Pandas DataFrame stored list as string: How to convert back to list
I have an n-by-m Pandas DataFrame df
defined as follows. (I know this is not the best way to do it. It makes sense for what I'm trying to do in my actual code, but that would be TMI for this post so just take my word that this approach works in my particular scenario.)
>>> df = DataFrame(columns=['col1'])
>>> df.append(Series([None]), ignore_index=True)
>>> df
Empty DataFrame
Columns: [col1]
Index: []
I stored lists in the cells of this DataFrame as follows.

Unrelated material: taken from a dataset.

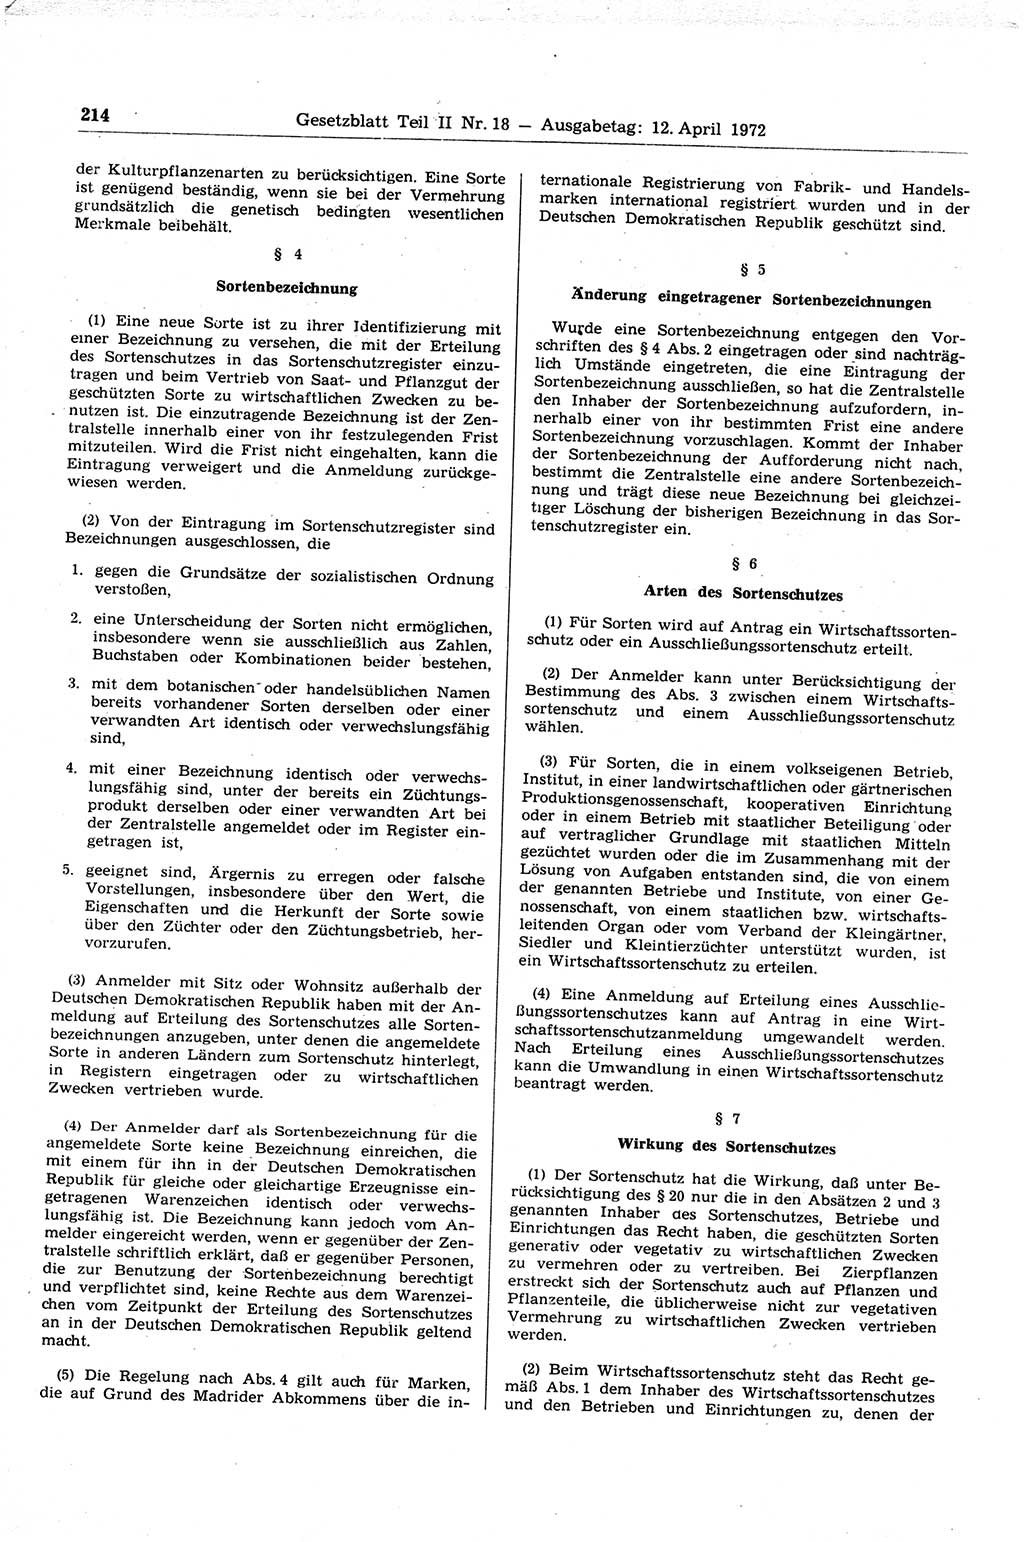 Gesetzblatt (GBl.) der Deutschen Demokratischen Republik (DDR) Teil ⅠⅠ 1972, Seite 214 (GBl. DDR ⅠⅠ 1972, S. 214)

>>> df['column1'][0] = [1.23, 2.34]
>>> df
col1
0 [1, 2]
For some reason, the DataFrame stored this list as a string instead of a list.
>>> df['column1'][0]
'[1.23, 2.34]'
I have 2 questions for you.
- Why does the DataFrame store a list as a string and is there a way around this behavior?
- If not, then is there a Pythonic way to convert this string into a list?
Update
The DataFrame I was using had been saved and loaded from a CSV format. This format, rather than the DataFrame itself, converted the list from a string to a literal.
As you pointed out, this can commonly happen when saving and loading pandas DataFrames as .csv
files, which is a text format.
In your case this happened because list objects have a string representation, allowing them to be stored as .csv
files. Loading the .csv
will then yield that string representation.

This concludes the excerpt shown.